Is it better to use thermal grease or adhesive? and if so what brand? Arctic Silver?


----------



## mroneeyedboh (Sep 24, 2006)

hey Deesta, are you going to produce instructions with info on wiring up the driver? (bflex to be exact ) I just need to know what wires go to what part on the board. I emailed George and he said no... haha


----------



## WeLight (Aug 12, 2007)

Giant-Lander said:


> Looks great mainly because of you buddy! Your sharp eyes are right, i know i got it wrong but a) i dread the moment i will need to open it again because all of that thermal compound all around and the led wiring! and b) i figured that this way i have increased the cooling surface by two tiny "fins" heheheheheeh, about 0,0003 sq cm!!!!!
> I think that my main contribution is the remote switch from PMR ptt button, it is really neat with just one cable and very very handy!
> The battery holder works superb so far. I have also tied a knot at the one side of the hole , were the cables go in , so that i don't stress the solder pads.....:eekster:


Just a tip guys, all the builds I look at here and CPF etc show enormous amounts of thermal compound, I understand the tempatation that more is better however there is an inherent problem whereby increased material mass actually adds thermal resistance, you want to have thermal compounds or adhesives, paper thin


----------



## troutie-mtb (Sep 20, 2007)

WeLight said:


> Just a tip guys, all the builds I look at here and CPF etc show enormous amounts of thermal compound, I understand the tempatation that more is better however there is an inherent problem whereby increased material mass actually adds thermal resistance, you want to have thermal compounds or adhesives, paper thin


Point well taken Mark , but I am quessing here and G_T is most likley meaning thermal grease between the 2 halves of the housing and the led heatsink .
which gets squeezed when the casing is bolted together


----------



## troutie-mtb (Sep 20, 2007)

mroneeyedboh said:


> hey Deesta, are you going to produce instructions with info on wiring up the driver? (bflex to be exact ) I just need to know what wires go to what part on the board. I emailed George and he said no... haha


It is all printed on the Bflex but a magnifier helps


----------



## mroneeyedboh (Sep 24, 2006)

what does SWB/SWA,STAT, J1,

LED+/- is for the LED positive and negative leads
SW1 i would assume is the switch terminals
IN-/IN+ is for the power leads ( from battery )

And what are those two open holes ( below SW1 ) used for?


----------



## znomit (Dec 27, 2007)

mroneeyedboh said:


> what does SWB/SWA,STAT, J1,
> 
> And what are those two open holes ( below SW1 ) used for?


There are multiple switch contacts.

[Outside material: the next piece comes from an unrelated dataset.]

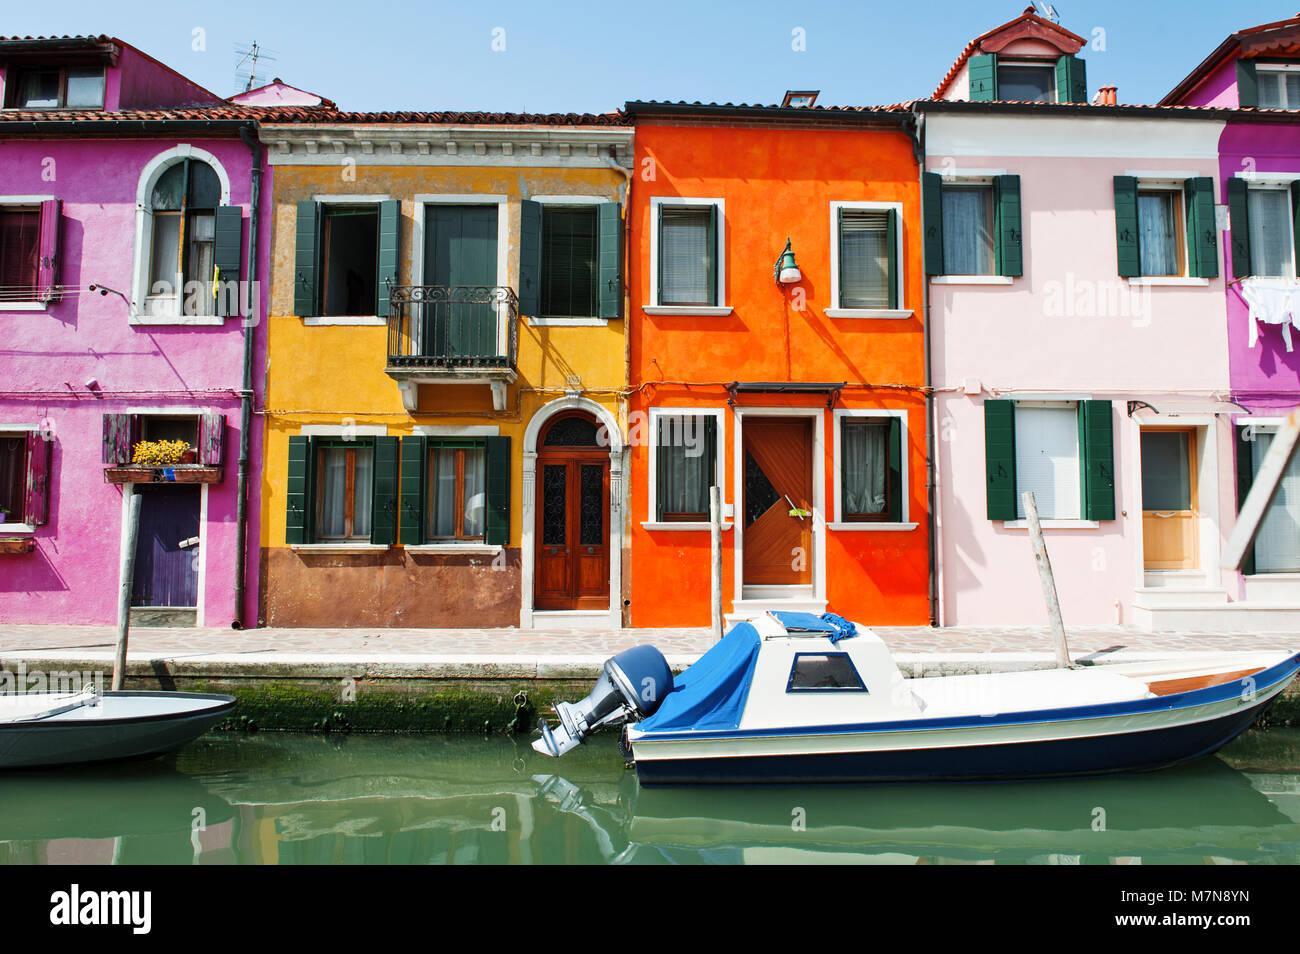 L'île de Burano, Venise, Italie, Europe - Vue panoramique des bâtiments colorés caractéristique Photo Stock

You can use A/B or the two on SW1.
Stat +/- is the status led. 
J1 is for master/slave configuration


----------



## Giant-Lander (Feb 13, 2009)

troutie-mtb said:


> Beam shot wise it may also be that I used SS optics and as Giant said also advised against the oval . but having said that I have just recieved a carclo eliptical optic from Mark at Cutters ( thanks Mark ) and early testing is looking very promising .with a very interesting beam in my garden I will post more details when I get the time to rig a proper beam shot .
> 
> also looking at Giants pics it would appear that the oval optic is in the wrong orientation
> and needs rotating 90 degrees . the ribs should be vertical for the light to spread sideways.
> ...


My two side lenses are the Ledil 20mm SS square optics.
I can't find the specs for the oval optic -which provide a nice,tight beam pattern, so i can't check about alignment. I though i had got it right though.....Well, it's hard to change it now as i have epoxied them without holders. If the oval spread is not vertical, it might actually be more useful to light down the track ,no?
Sorry about the exposure settings, i didn't know that and as i said, i didn't want to troch the picture. My actual settings were F2.8 with 2 seconds xposure @ 100 ISO.
I have used the modest amount of arctic silver thermal compound and arctic slvr glue on the stars, it's just the housing design that makes you cover multiple surfaces, as troutie said.
I made a quick check on ebay, you can find PTT switches here:

http://cgi.ebay.com/Earpiece-Mic-Wi...5|66:2|65:12|39:1|240:1318|301:1|293:1|294:50
http://cgi.ebay.com/Earpiece-Mic-w-...CC%2BCRS%2BIA%2BUCI%2BSI%2BUS-BWR&otn=4&ps=33
http://cgi.ebay.com/Remote-PTT-Push...hash=item110299788721&_trksid=p3286.m20.l1116

They're pretty cheap and all you need is a triple core cable and a single hole and cable gland on the housing....Leaves more space in the back to add some cooling fins or cpu cooler....:thumbsup:


----------



## HuffyPuffy (Jun 9, 2008)

Great idea using the PTT as a remote switch. Do you know if they are they momentary or latching?


----------



## peteoheat (Sep 29, 2008)

The PTT will be momentary since you have to hold it to talk. 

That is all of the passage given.